Simplify expressions with Log

Let us introduce the function to transform the logarithm:

    collectLog[expr_] := Module[{rule1, rule2, a, b, x},
   rule1 = Log[a_] + Log[b_] -> Log[a*b];
   rule2 = x_*Log[a_] -> Log[a^x];
   (expr /. rule1) /. rule2 /. rule1 /. rule2
   ];

This is your expression:

expr = (n Log[a] + m Log[b] - m Log[a + b] - n Log[a + b]);

Let us first simplify it, and then apply to it the collectLog function:

    expr2 = Simplify[expr, {a > 0, b > 0}, 
   TransformationFunctions -> {Automatic, ComplexExpand}] // 
  collectLog

The result is

Log[a^n b^m] + Log[(a + b)^(-m - n)]

Let us apply the collectLog once more:

expr2 // collectLog

The result is:

Log[a^n b^m (a + b)^(-m - n)]

Done.

To answer the recent question of bszd: if a function with multiple Logs may be designed.

It can be done in a more simple way. If one has a lengthily expression with logarithms of the sort that might be simplified by collection, the function Nest may do the job:

 Nest[collectLog, expr, Length[expr]]

The answer is:

Log[a^n b^m (a + b)^(-m - n)]

If it is only a part of expression that, however, contains multiple logarithms to be collected, the function

collectAllLog[expr_] := Nest[collectLog, expr, Length[expr]];

may be mapped onto this part.

Finally, to complete this one may need to do the opposite operation: to expand the logarithmic expression. One way to do this would be to use the following function:

    expandLog[expr_] := Module[{rule1, rule2, a, b, x},
   rule1 = Log[a_*b_] -> Log[a] + Log[b];
   rule2 = Log[a_^x_] -> x*Log[a];
   (expr /. rule1) /. rule2
   ];

and

expandAllLog[expr_] := Nest[expandLog, expr, Depth[expr]]

For example,

expandAllLog[Log[a^n b^m (a + b)^(-m - n)]]

yields

n Log[a] + m Log[b] + (-m - n) Log[a + b]

as expected.

I know, I know: Now someone will ask why. Anyway:

FullSimplify@Log@Exp[n Log[a] + m Log[b] - m Log[a + b] - n Log[a + b]]

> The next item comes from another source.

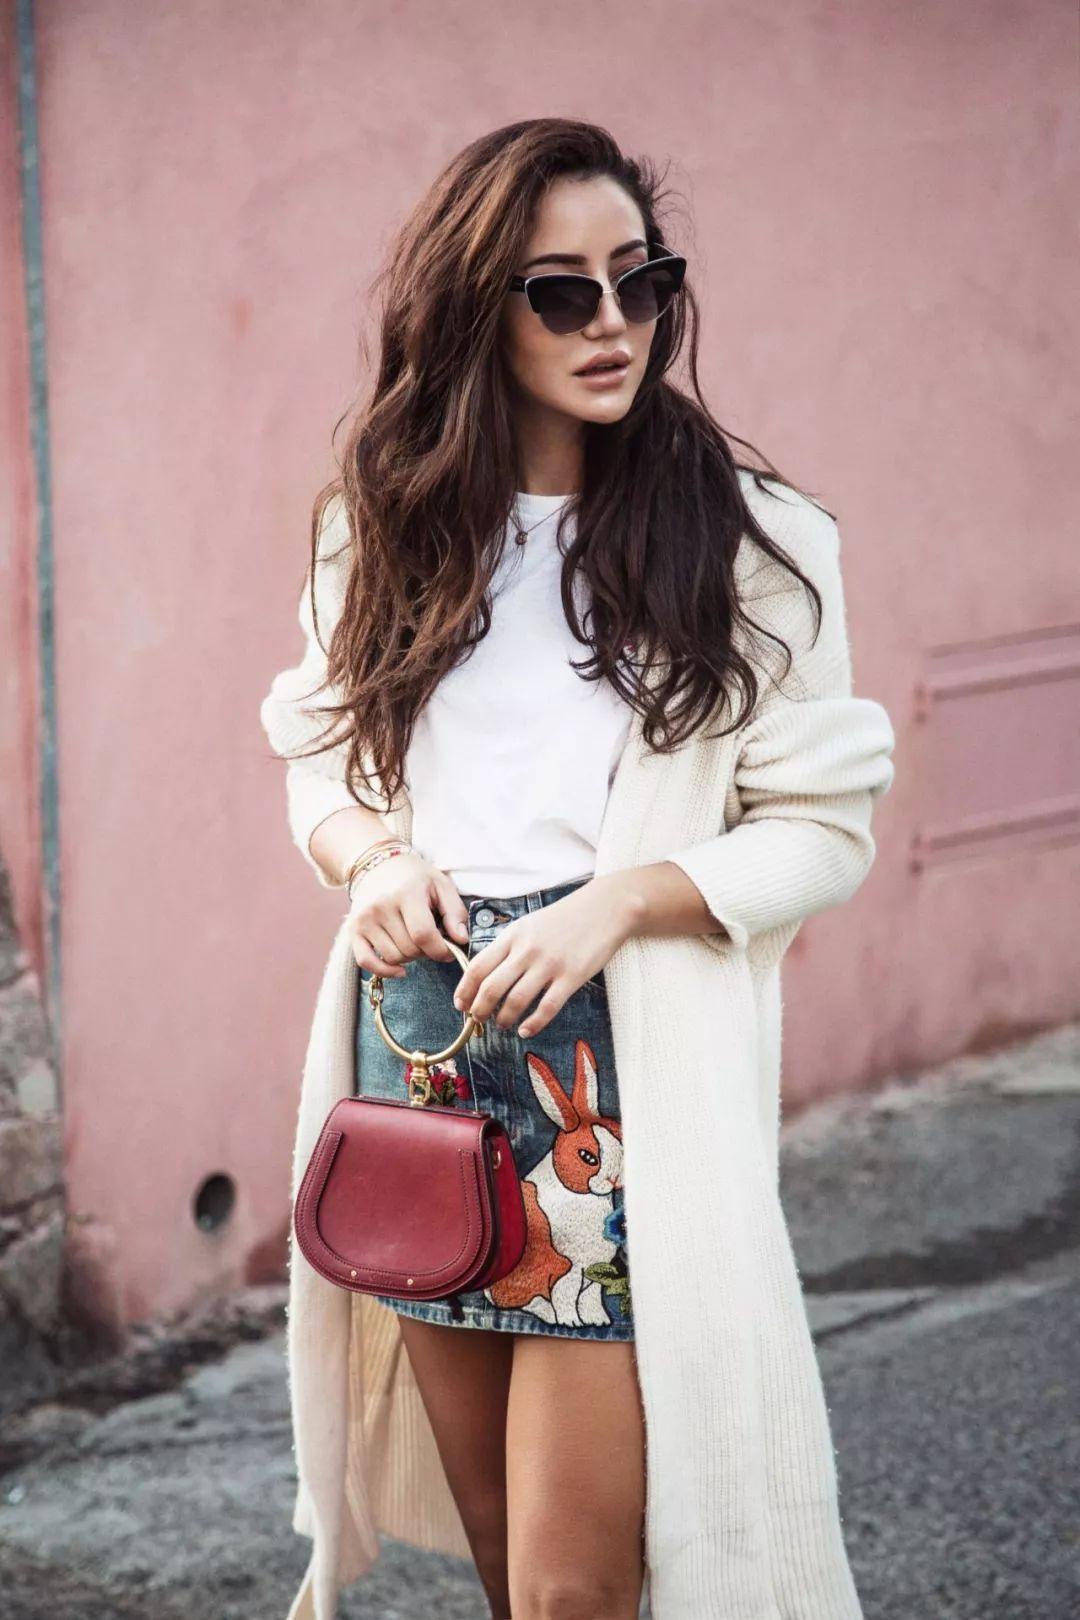 马思纯选择短款的针织开衫搭配印花半裙,温婉动人,又不失活泼俏皮.

(* Log[a^n b^m (a + b)^(-m - n)] *)

Well, although late, here's an answer using ReplaceRepeated (//.).

Let's define two replacement rules to take us back and forth.

logrule = {Log[x_] + Log[y_] :> Log[x y], n_ Log[x_] :> Log[x^n]}

revlogrule = {Log[x_ y_] :> Log[x] + Log[y], Log[x_^n_] :> n Log[x]}

Now here's your problem

expr = n Log[a] + m Log[b] - m Log[a + b] - n Log[a + b]

using the logrule we can simplify your expression:

expr //. logrule

Which gives:

Log[a^n b^m (a + b)^(-m - n)]

Now let's go back to the original expression using revlogrule

Log[a^n b^m (a + b)^(-m - n)] //. revlogrule // Expand

n Log[a] + m Log[b] - m Log[a + b] - n Log[a + b]

EDIT

You can also use FullSimplify with TransformationFunctions as follows. First define the transformation you desire to be applied:

tfunc[x_] := x /. logrule

Then:

FullSimplify[expr, TransformationFunctions -> {Automatic, tfunc}]

Which gives as before:

Log[a^n b^m (a + b)^(-m - n)]